WHAT IS EXPECTED. Begin at the line that holds "Das Set aus" and copy each line exactly until the data below ends, including that last line but no pictures.

------ DATASET EXCERPT

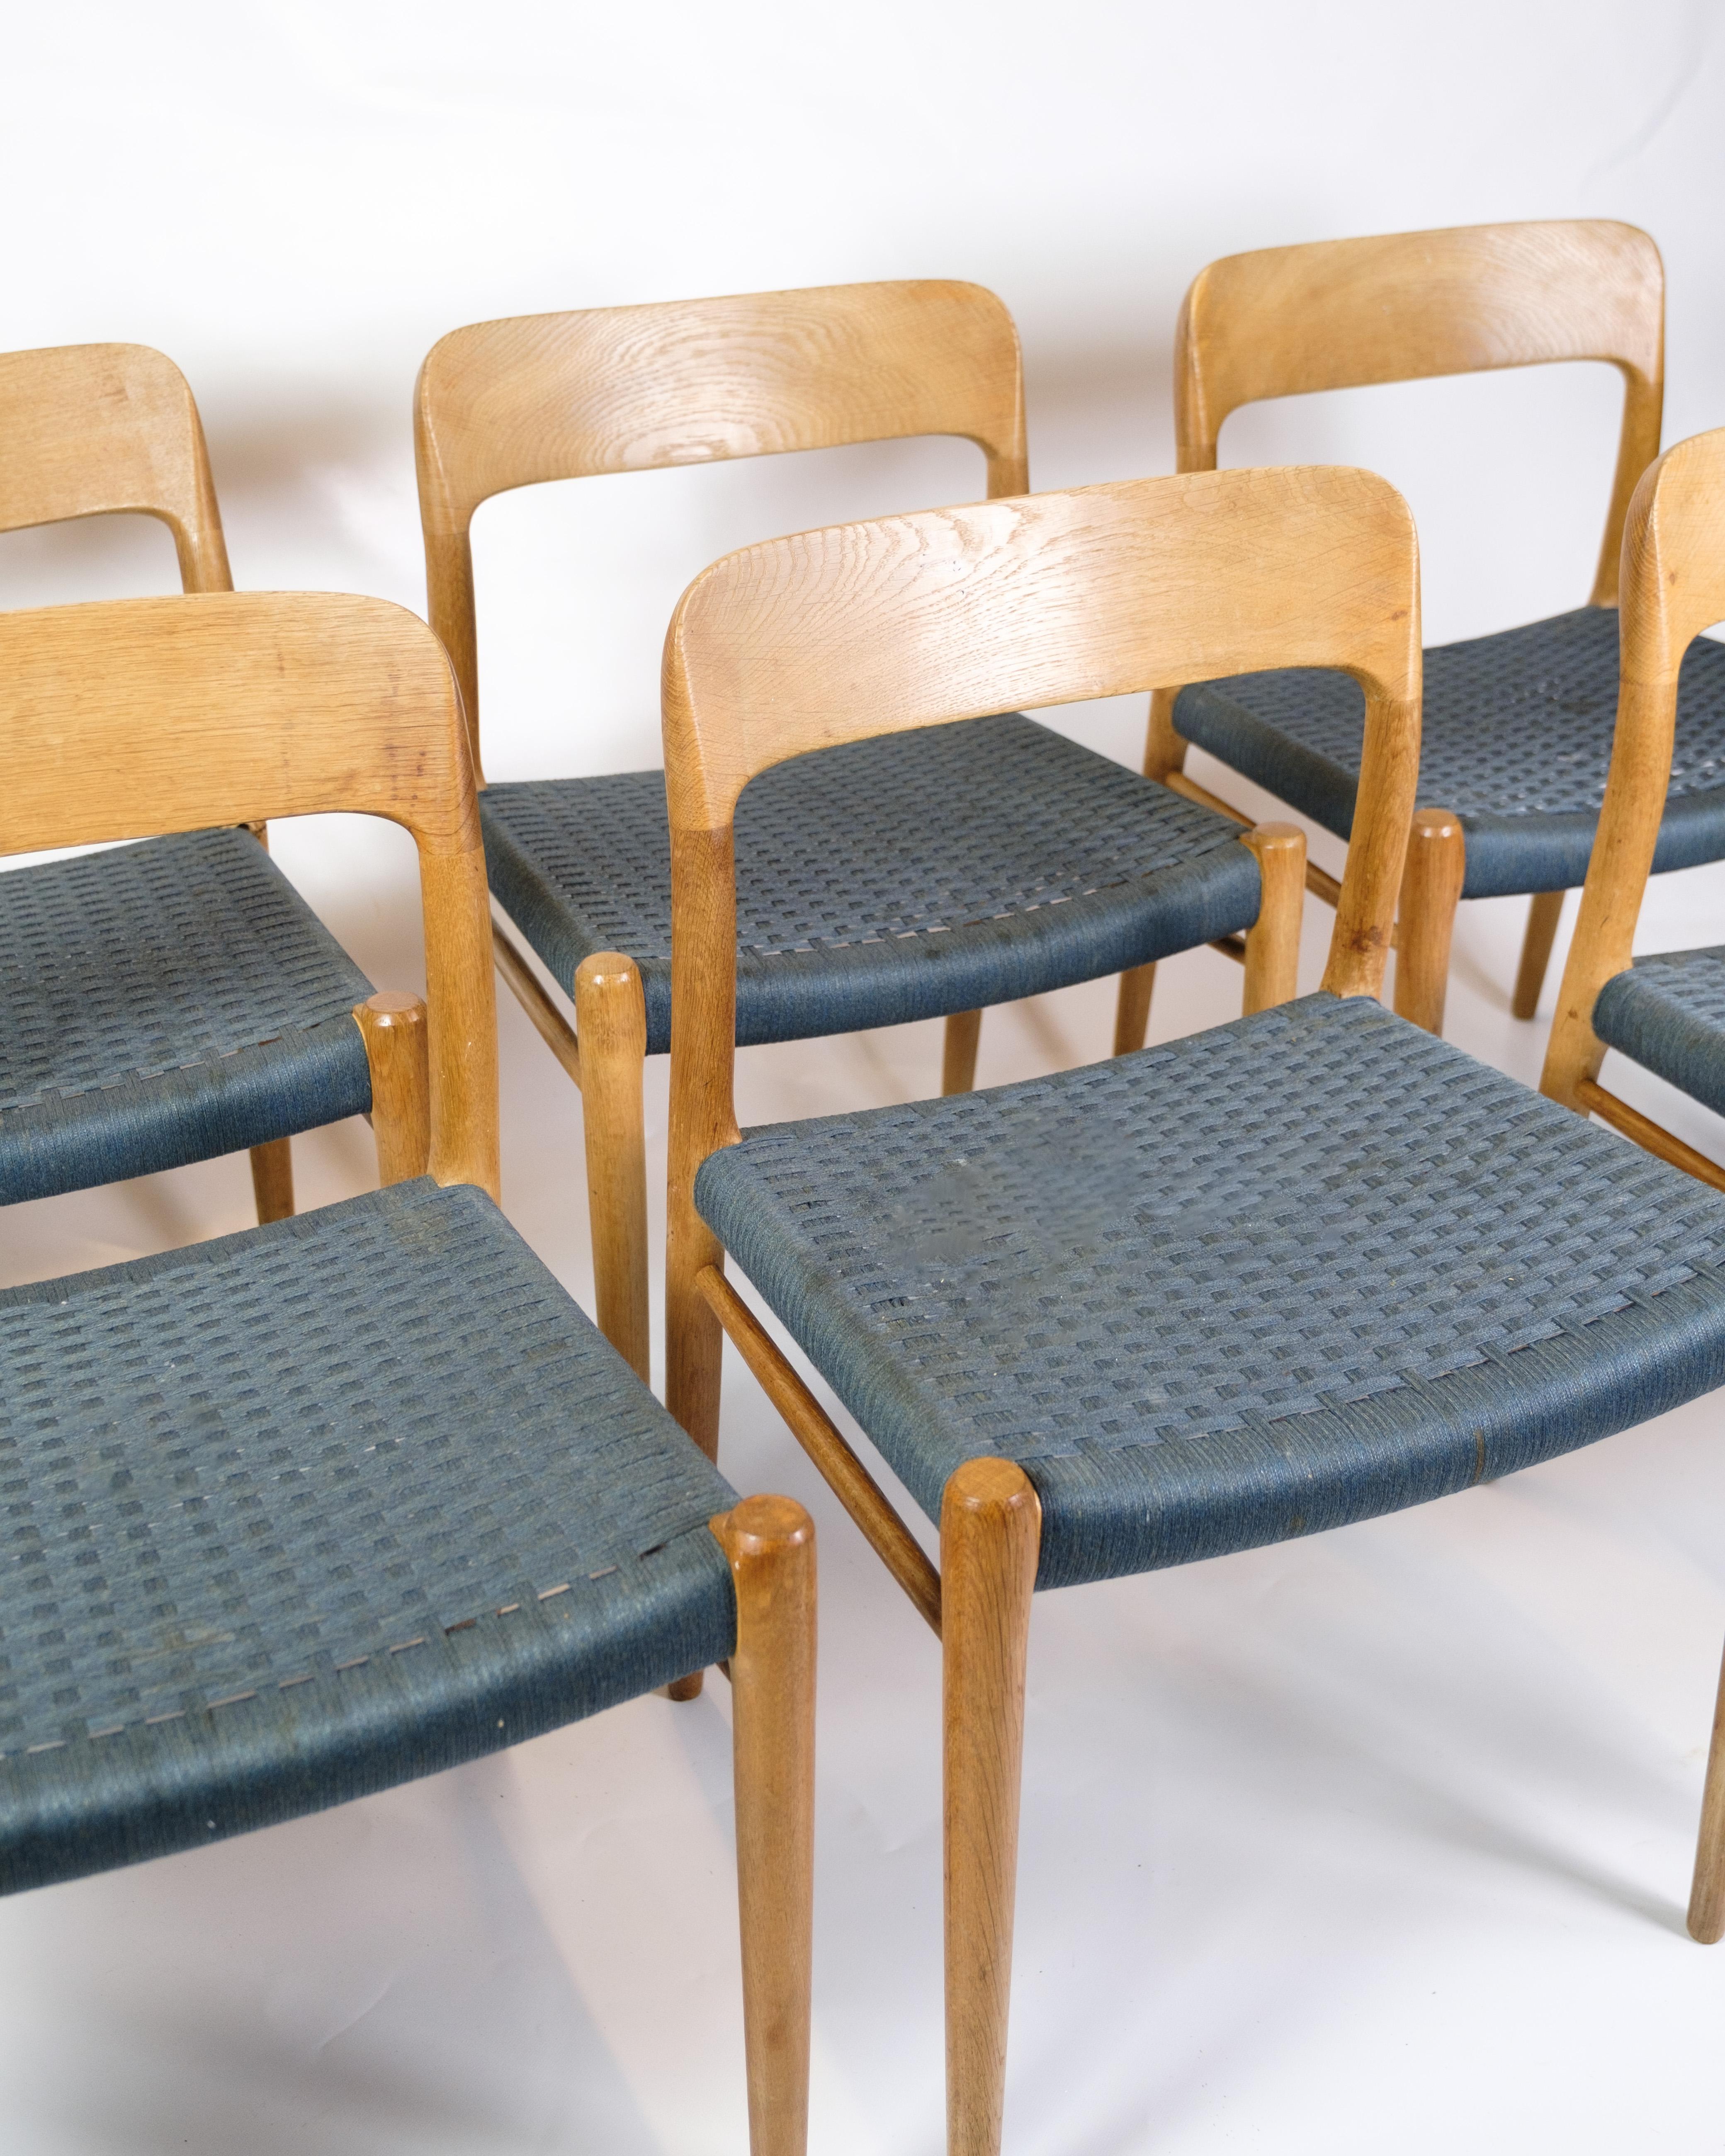 *PREIS BEINHALTET DIE VOLLSTÄNDIGE AUFARBEITUNG DES HOLZES ALLER STÜHLE*.

Das Set aus sechs Esszimmerstühlen, bekannt als Modell 75, ist ein hervorragendes Beispiel für dänisches Möbeldesign aus den 1960er Jahren. Diese Stühle, die von dem
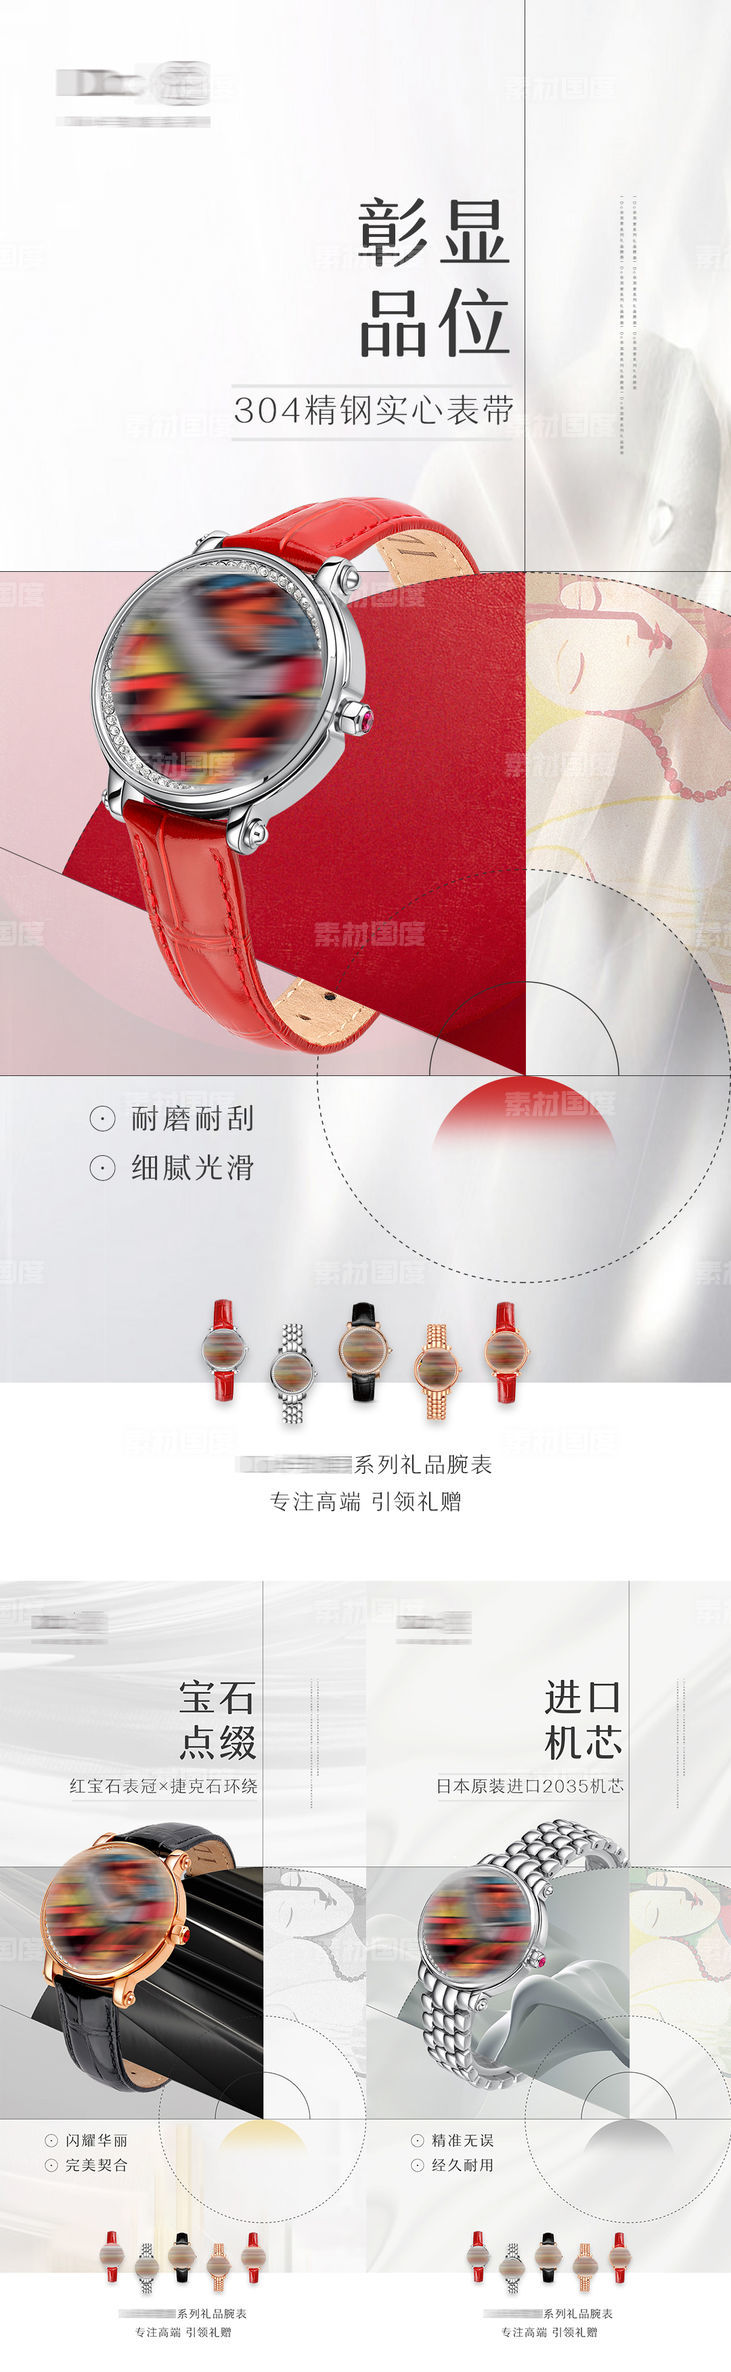 高档品牌腕表手表宣传海报

------------

EXERCISE ANSWER.
Das Set aus sechs Esszimmerstühlen, bekannt als Modell 75, ist ein hervorragendes Beispiel für dänisches Möbeldesign aus den 1960er Jahren. Diese Stühle, die von dem
 高档品牌腕表手表宣传海报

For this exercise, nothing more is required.